Today, we provide elaboration on a topic we introduced in yesterday's
article: on knowing the Andromeda Galaxy's distance .     We mentioned that
it was more than 2.2 million light years away.     How were astronomers
ever able to measure that distance?

A light year, incidentally, is the distance light travels in one year
through a vacuum.   As this speed slightly exceeds 186,000 miles a second,
a light beam propagating through space traverses 5.8 trillion miles during
one Earth year!   To give one an idea about how much space separates
objects, the closest star to our solar system, Proxima Centauri, is 4.2
light years away.  The most distant stars we observe with the unaided eye
are about 3000 light years away.   With that in mind, it seems all the more
extraordinary that we know that the Andromeda Galaxy,* the closest major
spiral galaxy to our own, is 2.2 million light years away: a measurement
made less than one hundred years ago.

We begin with a famous relation in astronomy; something called "The
Distance Modulus," which relates a star's apparent magnitude (apparent
brightness), absolute magnitude (actual brightness), and distance. (See
"From the Catacombs of Infinite Knowledge.")   If one knows two of these
values, one can determine the other.    This modulus is quite intuitive.
We measure a star's apparent magnitude directly just by observing it on
Earth.    This brightness value does not yield information about its actual
brightness, however.  For all we know, a given bright star could be
comparatively faint, but close; conversely, a faint star could be quite
intrinsically brilliant, but far away.    If we can figure out the star's
distance, we would know its true brightness.  Or, if we can somehow
ascertain a star's absolute magnitude, we can compare it to its apparent
magnitude and measure its distance.

The trick is knowing a star's intrinsic brightness.   And, with a certain
type of variable star, Cepheid variables, we can directly know its
brightness by observing its variability period.   Cepheid variables are
giant stars that pulsate, growing larger and then smaller and then larger
again over a period that can last many weeks.  Conveniently, the
variability period: the between successive minima (least brightness) or
maxima (greatest brightness) depends on its intrinsic brightness.  The
brighter the Cepheid variable, the longer the variability period.   As
brightness relates directly to a star's luminosity, or energy output, these
correlation between the variability period and brightness is called "The
Period-Luminosity Relation."

This relationship was first established by a survey of Cepheid variable in
the Small Magellanic Cloud,  a satellite galaxy to the Milky Way
approximately 160,000 light years away.  It was noticed that the brighter
Cepheid variables in the SMC had longer periods than the dimmer ones.
As astronomers assumed that the stars within the SMC were at equal
distances from Earth, they determined that the Cepheidvariable's luminosity
affected the star's variability period.**

Edwin Hubble, certainly not an obscure astronomer, measured the distances
to Cepheid variables within the Andromeda Galaxy and, by extension, to the
Andromeda Galaxy itself   He knew the absolute magnitude by the amount of
time they needed to cycle through one variability period.  He then compared
it with the star's apparent magnitude, discernible through his powerful
telescope.

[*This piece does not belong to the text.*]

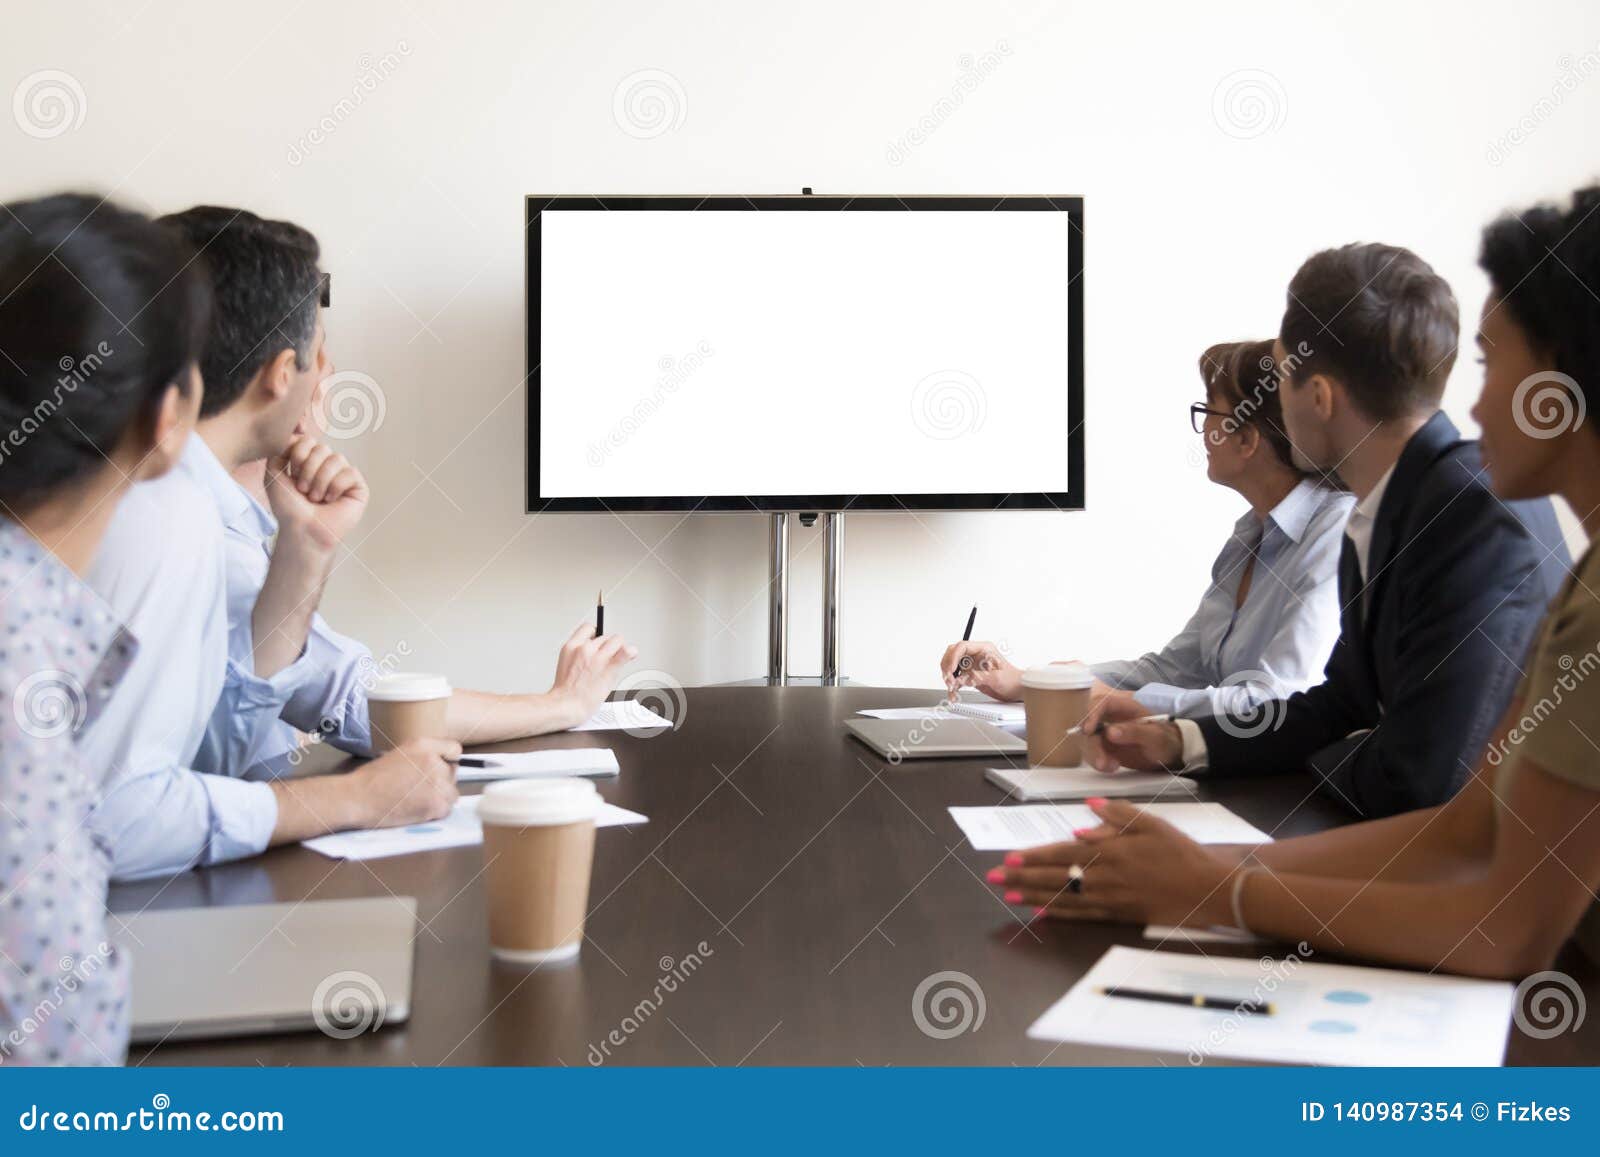 business people group sitting at conference table looking at screen

He determined that the Andromeda Galaxy was about 900,000 light
years from Earth.  Though this measurement was enough to place the
Andromeda Nebula, as it was then called, well outside the Milky Way
Galaxy's boundaries, it was less than half the currently accepted value.
Astronomers later learned that there are two classes of Cepheid variables,
each of which has its own period-luminosity relation.   Hubble used
'cluster variables,' which yielded an incorrect distance to the Andromeda
Galaxy.


*​Cepheid Variable Curve.   A simplified light curve of a Cepheid variable
star.*
*As its outer layers contract and expand, the star dims and then brightens.
  Astronomers*
*know that the variability period is directly related to the star's
luminosity, or *
*intrinsic brightness. (A variability period is the time separating
successive minima)  The longer the period, the brighter the Cepheid.
Therefore, an astronomer can determine a Cepheid variable's true brightness
by observing its variability period.  *

When the two classes were defined, and the measurement to the Andromeda
Galaxy refined accordingly, astronomers realized that that splotch of light
in the sky we had called the Andromeda Nebula was 2.2 million light years
away!   The most distant object one can observe with the unaided eye.

Today, we know that the Andromeda Galaxy is just one of billions of
galaxies.  And, by cosmological standards, Andromeda is so close it is
almost the Milky Way Galaxy's Siamese twin.    However, calculating
Andromeda's distance served as a stepping stone toward the vast cosmic
reaches well beyond: reaches that even today we haven't fully fathomed.


*The Andromeda Galaxy, located in the constellation Andromeda, is well
positioned for viewing this time of year.    Find it high in the  evening
sky, just north of the Andromeda constellation; or to the northeast of the
Great Square of Pegasus.   Though approximately four degrees across, the
Andromeda Galaxy is somewhat diffuse and therefore observable only in
darker regions.   Note that the gibbous moon will often obscure it, even
when it is in a different part of the sky.   So, one might want to wait
until the weekend to start trying to find the Andromeda Galaxy.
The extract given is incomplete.